When a false-positive culture is suspected, the laboratory or clinician
may want to verify this suspicion before they report the patient
as having a new case. The TB Genotyping Isolate Submission Form
includes a field to identify an isolate as a possible false-positive
culture (the column title is “suspected_false_positive”). When the
suspicion of a false-positive culture is flagged on the form, the
genotyping laboratory will send the genotyping results to the submitting
laboratory and to the TB program. The TB program should discuss
this procedure with laboratories in its jurisdiction and agree on
a process for submission of the isolates, either directly or through
the state laboratory, and perhaps use an expedited protocol. All
isolates submitted to the genotyping laboratory will receive rapid
turnaround, so there is no need to request expedited typing.

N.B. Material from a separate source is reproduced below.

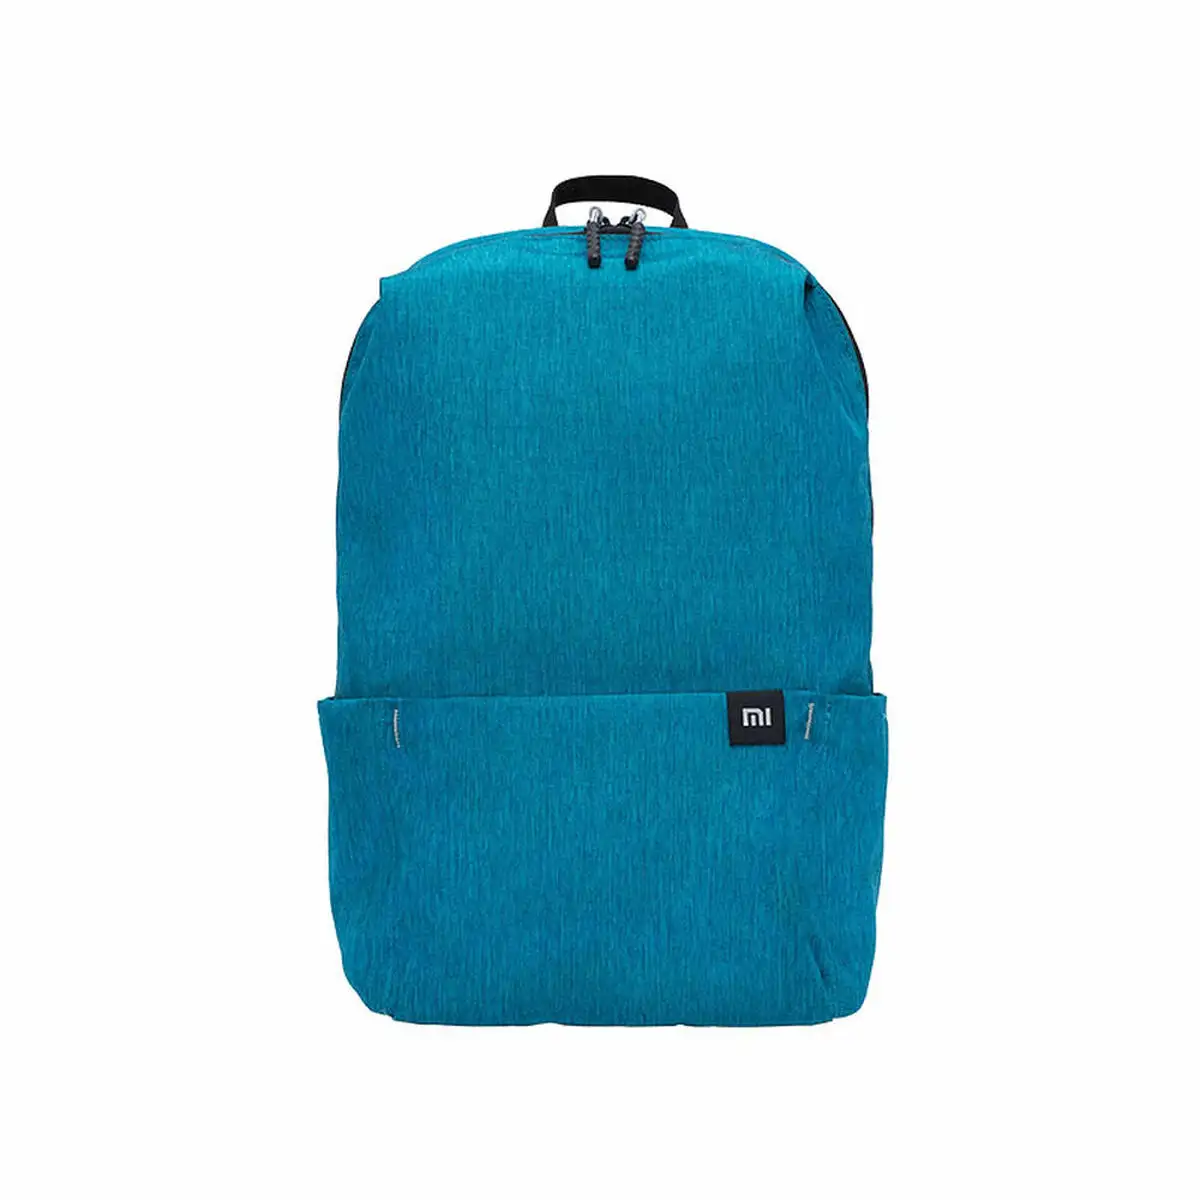 Housse pour ordinateur portable xiaomi mi casual daypack dark blue bleu_2206. DIAYTAR SENEGAL - Votre Plateforme Shopping de Confiance. Naviguez à travers nos rayons et choisissez des produits fiables qui répondent à vos besoins quotidiens.

When
the spoligotype and MIRU type for a suspected false-positive culture
match the genotype of the putative source isolate, this provides
strong evidence that the culture is false-positive. In this case,
there is no need for confirmation by IS6110-based RFLP
analysis.
Unsuspected False-Positive Cultures
False-positive cultures can also be detected by analysis of genotyping
results. A TB program’s genotyping plan should include a procedure
for evaluating all matching isolates for the possibility that one
or more represent an unsuspected false-positive culture. Unsuspected
false-positive culture results that are identified on the basis
of matching PCR genotyping results should be confirmed with RFLP
analysis. The genotyping laboratories will not have sufficient patient
or laboratory information to help decide whether particular matching
isolates represent false-positive cultures, except in the instance
of contamination with common laboratory control strains.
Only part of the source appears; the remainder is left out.